Exercise directions:
Write the data out in full and word for word. Do not include images.

Raw data:
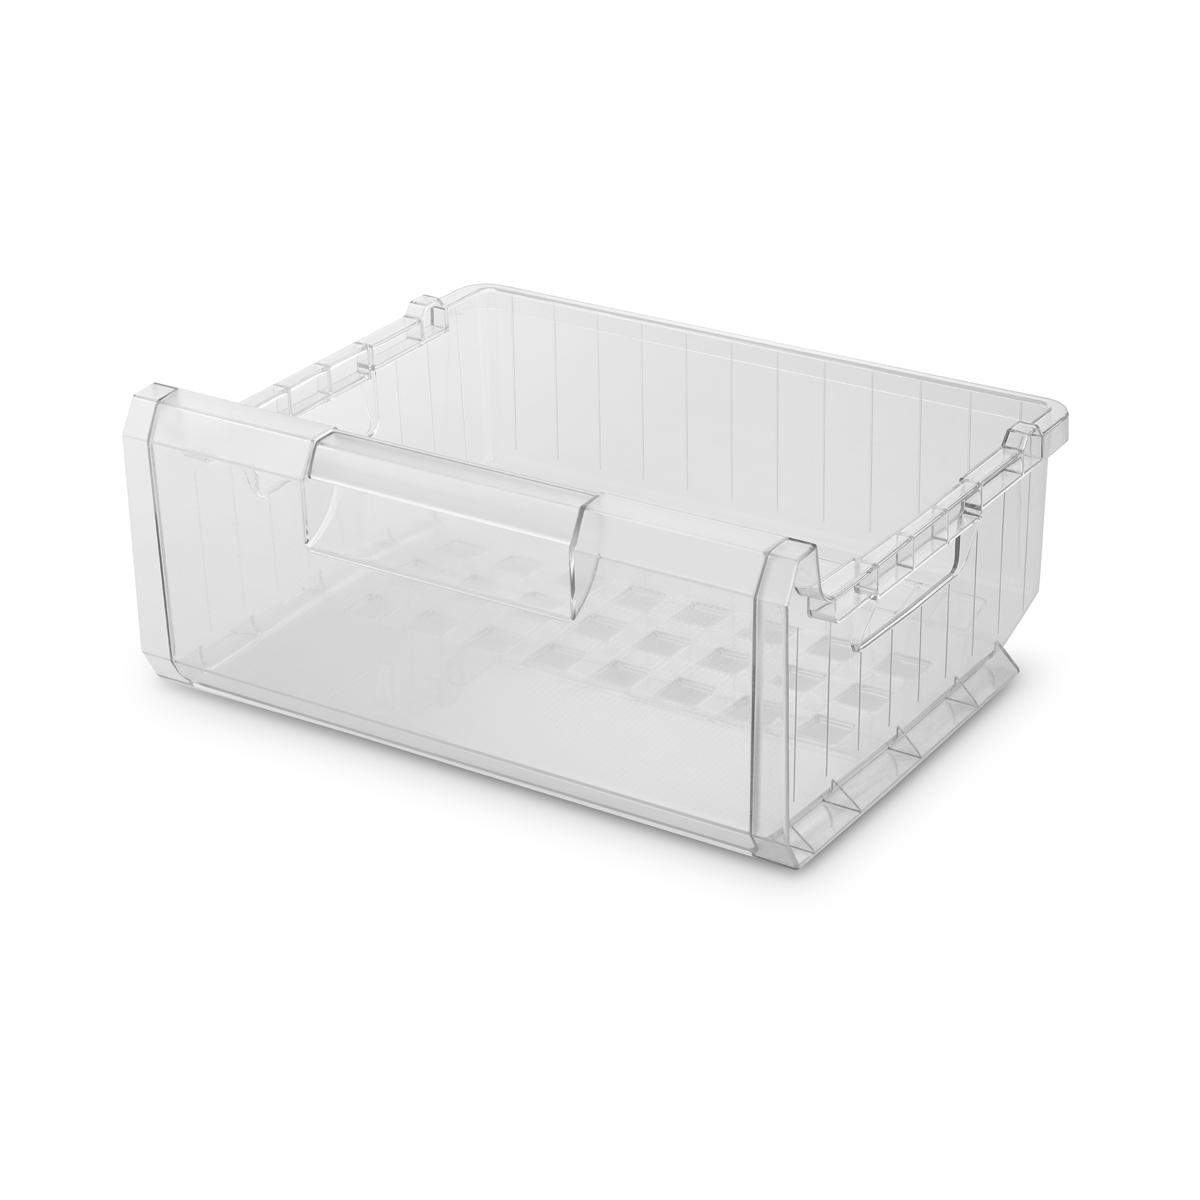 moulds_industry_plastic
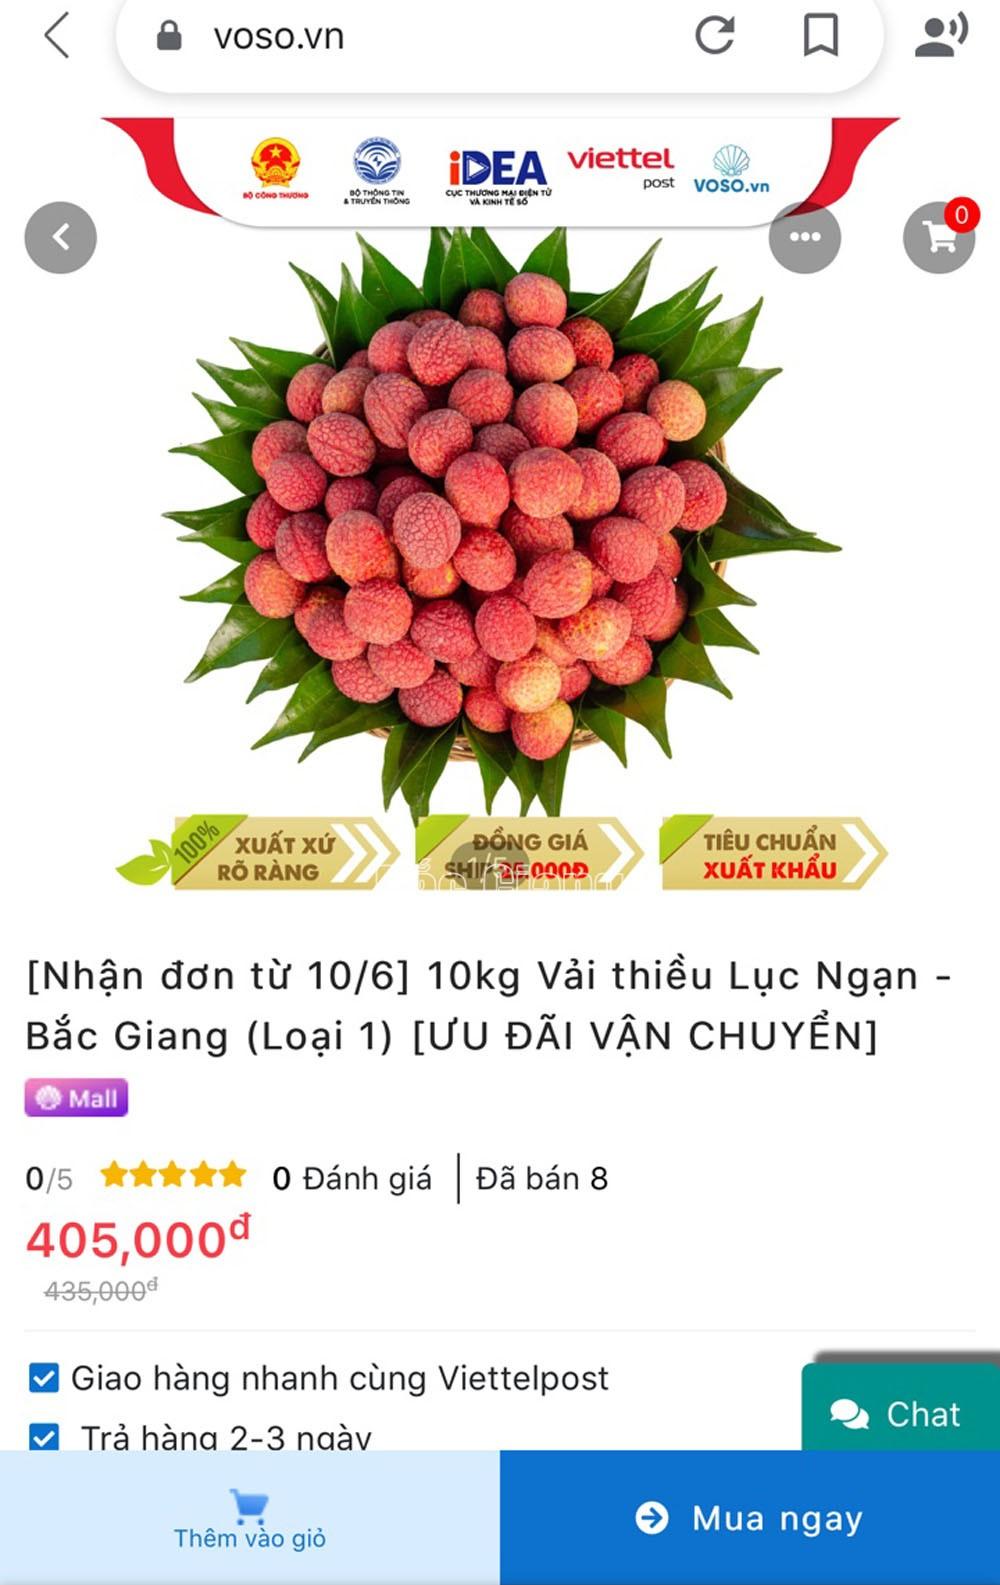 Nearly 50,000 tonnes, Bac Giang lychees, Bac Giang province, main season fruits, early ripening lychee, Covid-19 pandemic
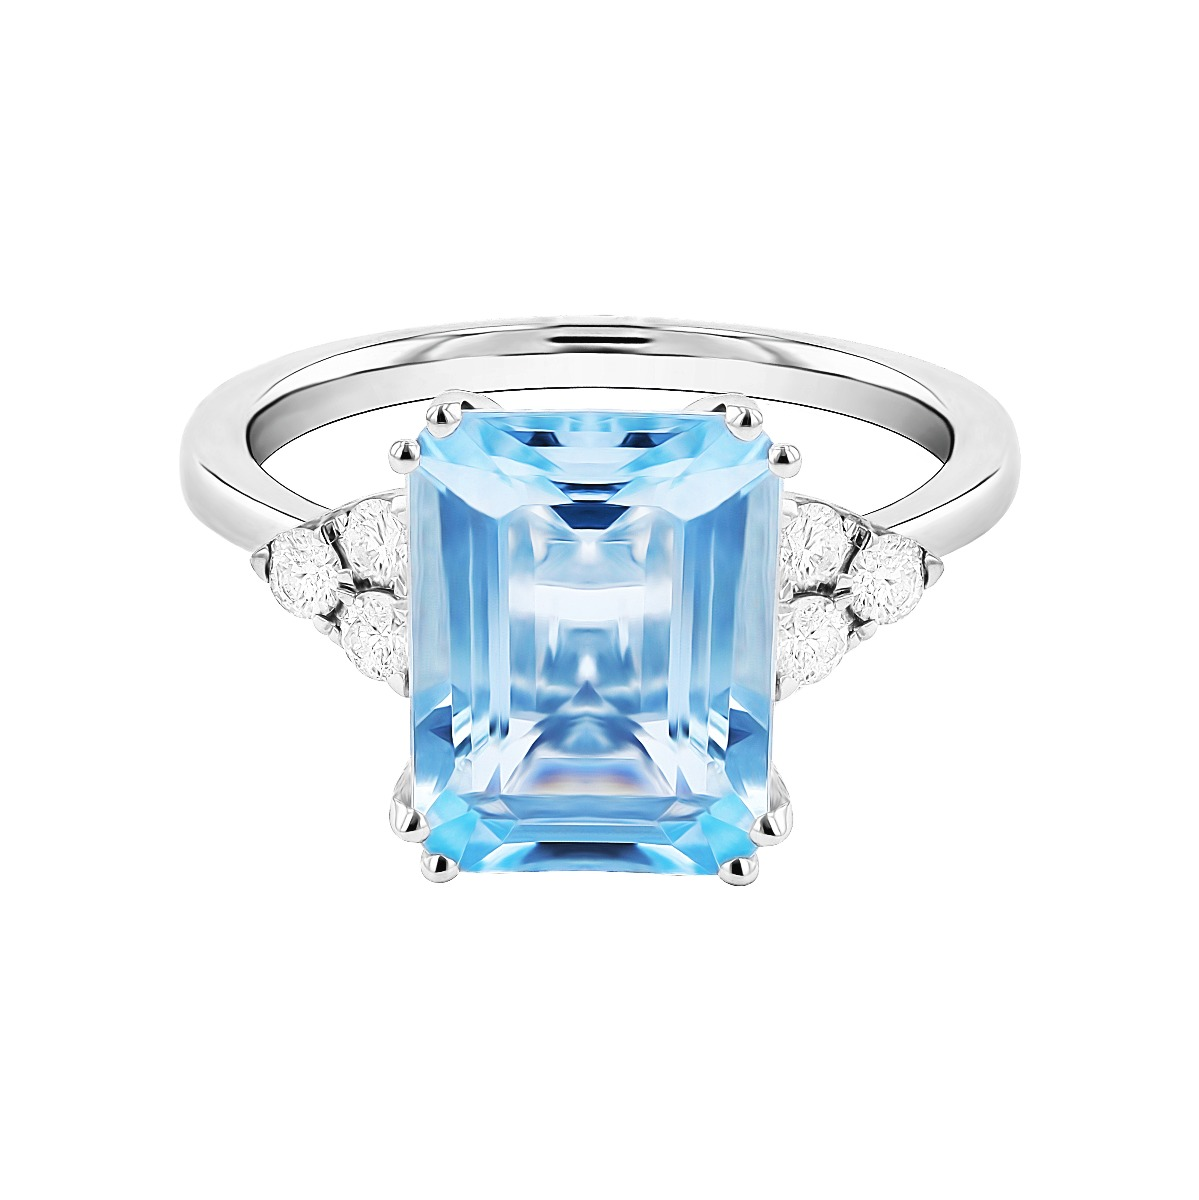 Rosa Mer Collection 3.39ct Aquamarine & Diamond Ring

Task response:
 moulds_industry_plastic
 Nearly 50,000 tonnes, Bac Giang lychees, Bac Giang province, main season fruits, early ripening lychee, Covid-19 pandemic
 Rosa Mer Collection 3.39ct Aquamarine & Diamond Ring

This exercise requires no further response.